[GIVEN DATA Boundary: Start]

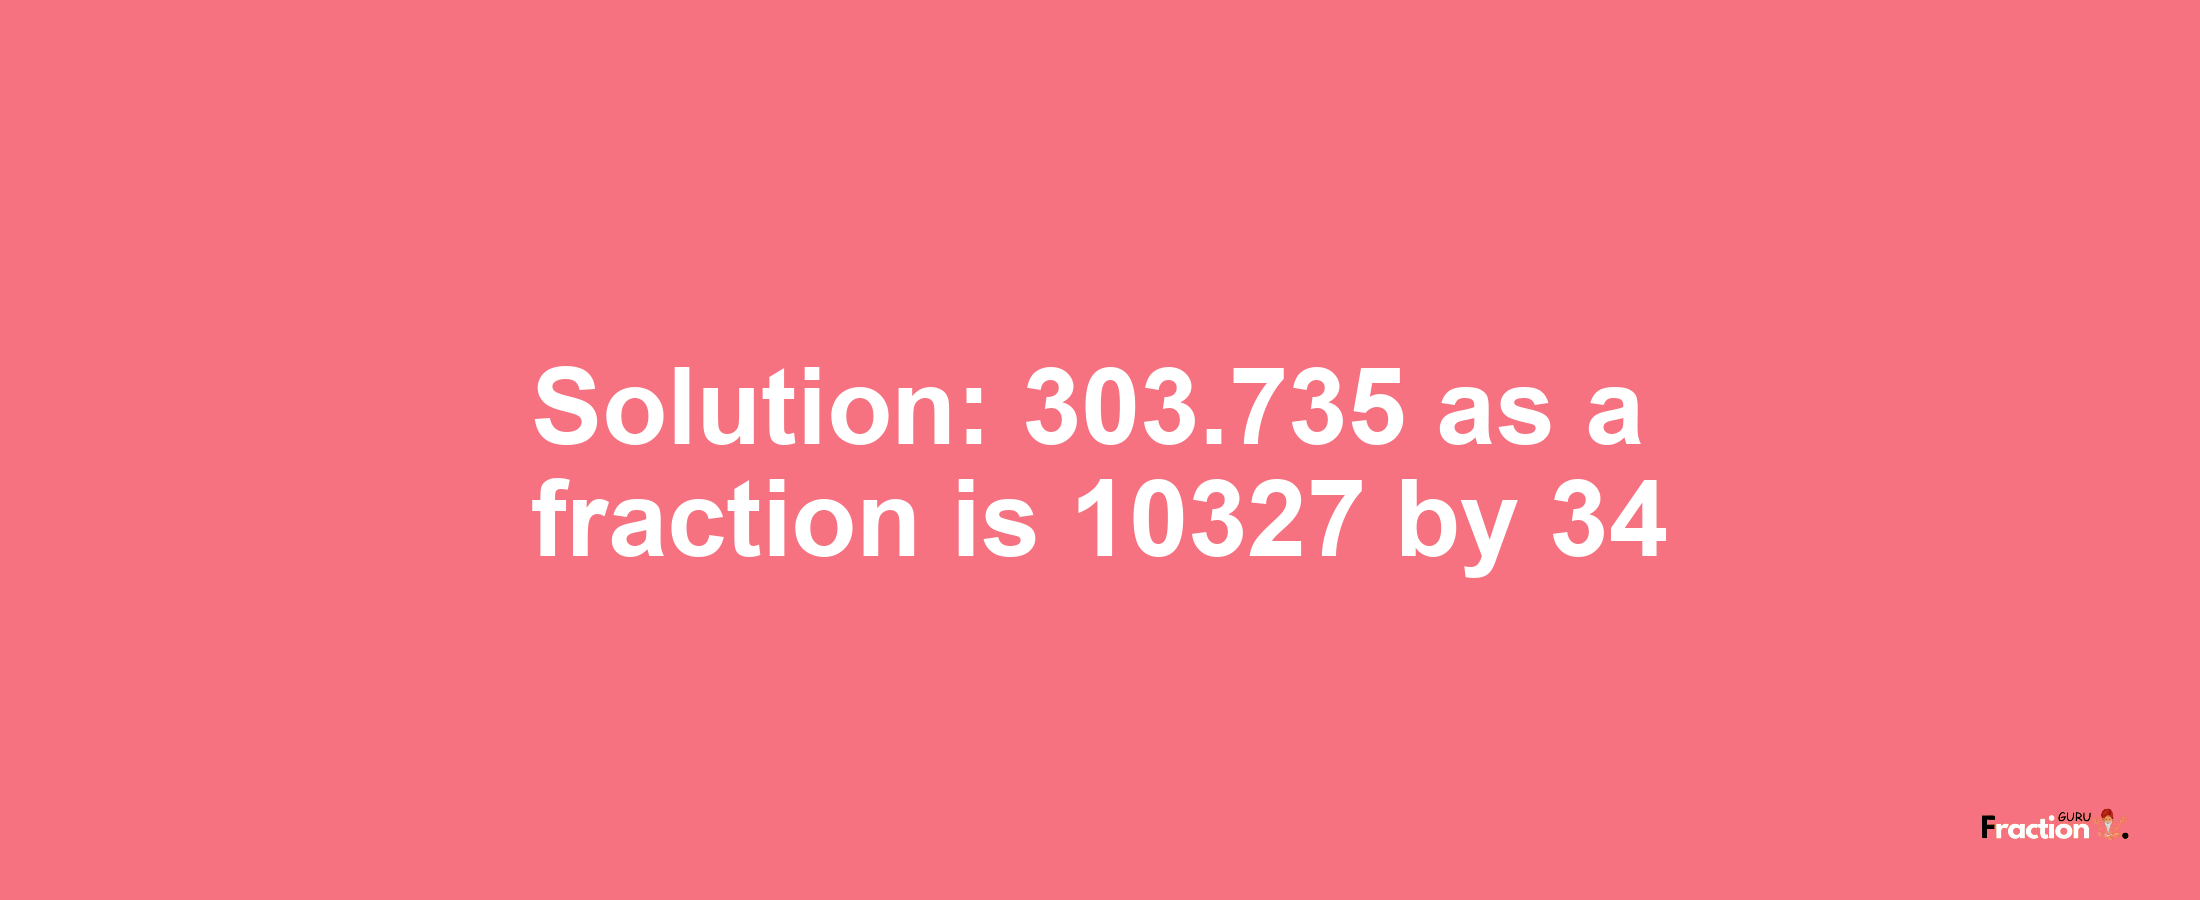 Solution:303.735 as a fraction is 10327/34
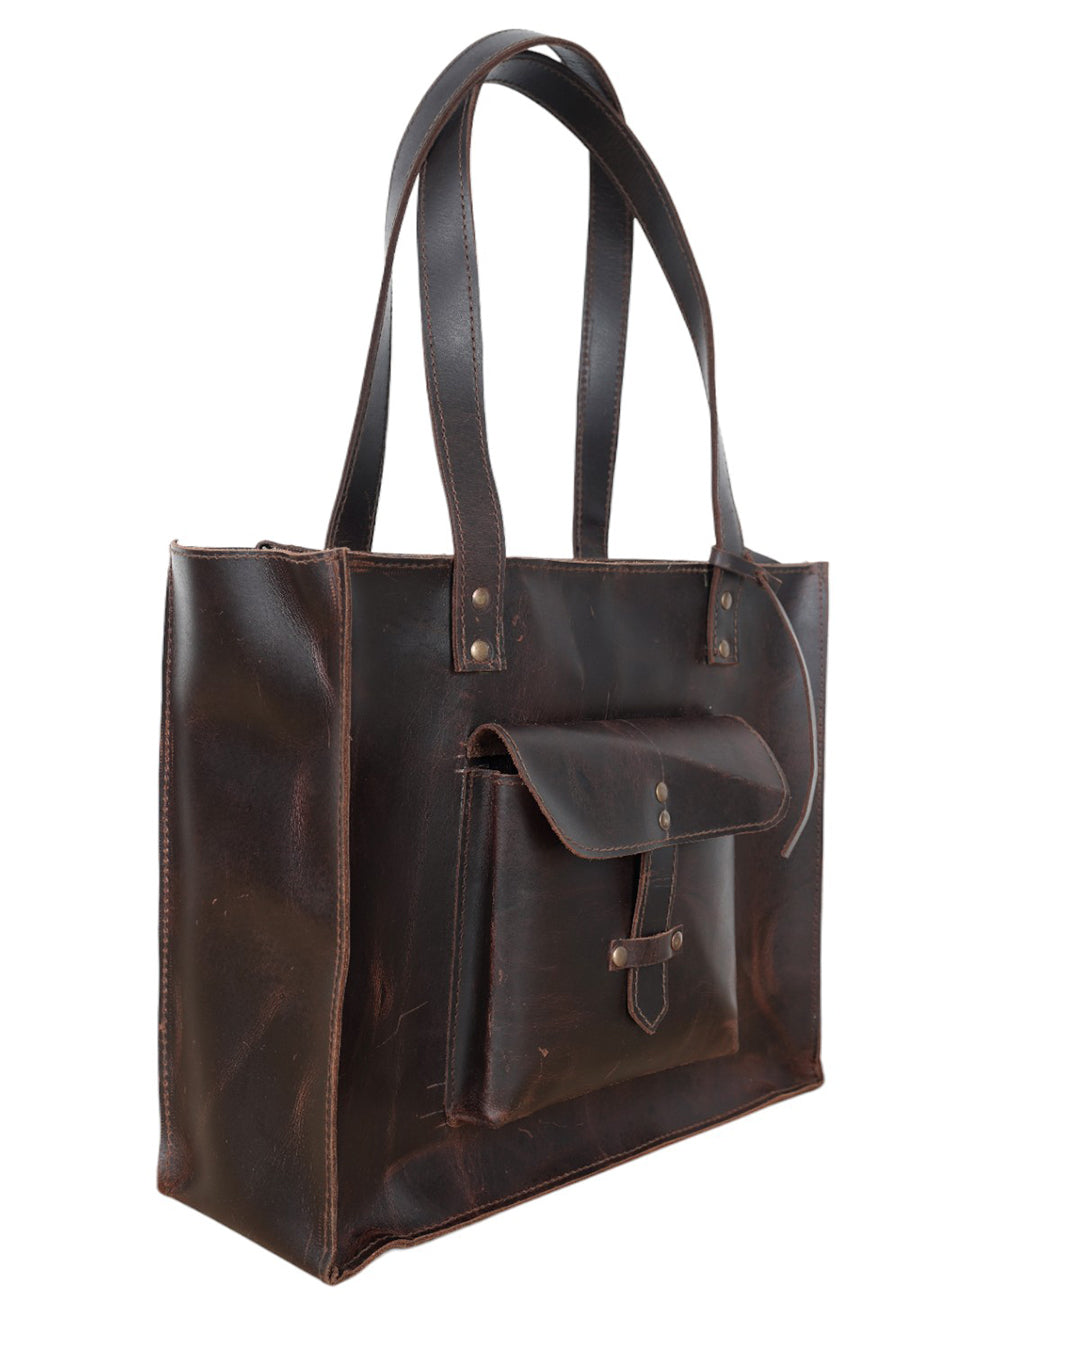 Tote Bag with Laptop Pocket
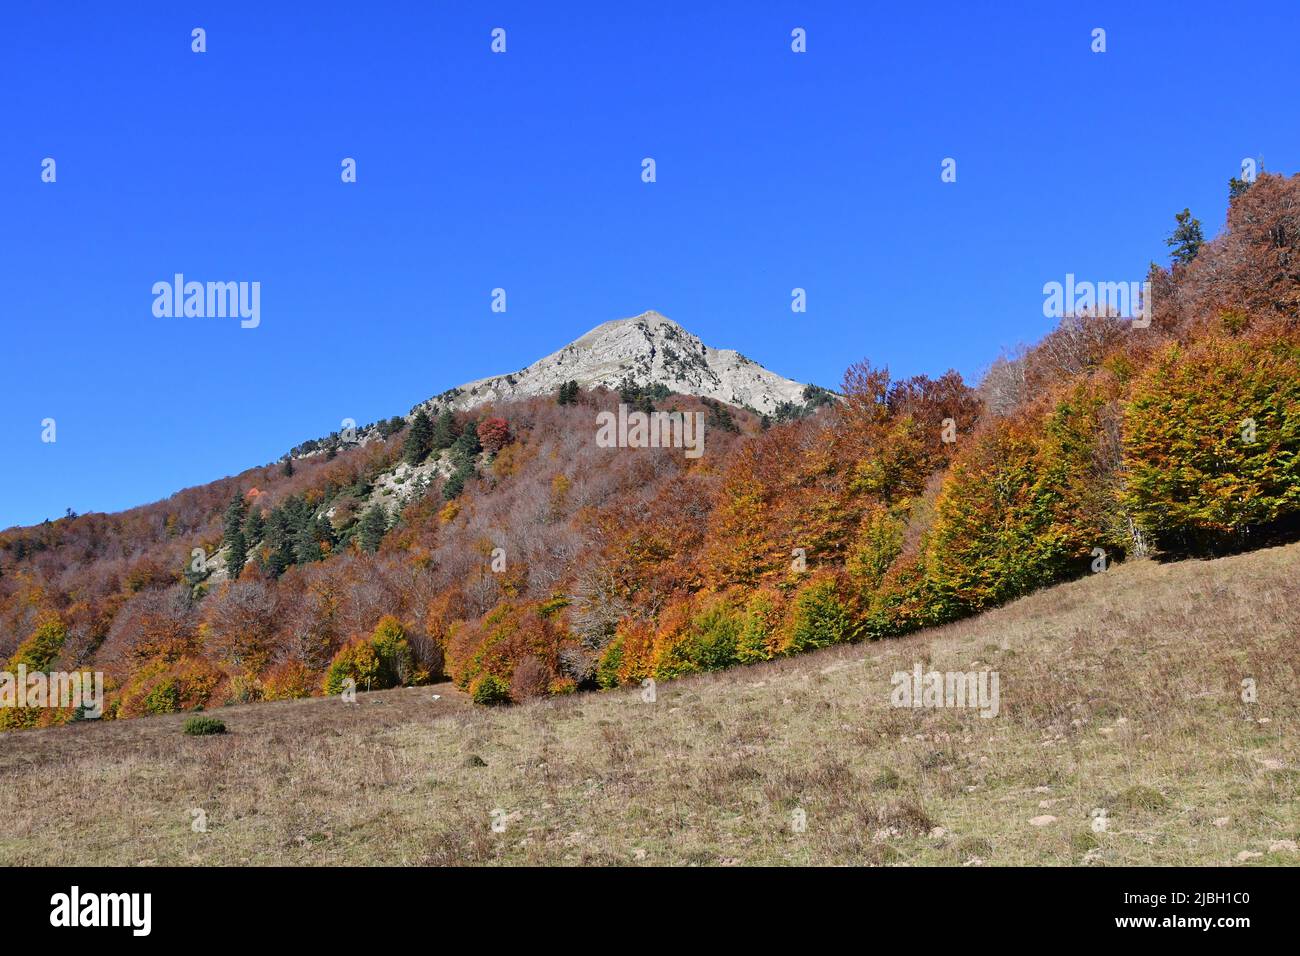 Gamueta forest in the Spain's Pyrenees, in the Anso Valley Stock Photo

[GIVEN DATA Boundary: End]

=== REQUIREMENT ===
Beginning with the line that bears "Tote Bag with Laptop Pocket", output each line through the last line of the listing exactly, and no others; skip the pictures.

=== FINAL ANSWER ===
 Tote Bag with Laptop Pocket
 Gamueta forest in the Spain's Pyrenees, in the Anso Valley Stock Photo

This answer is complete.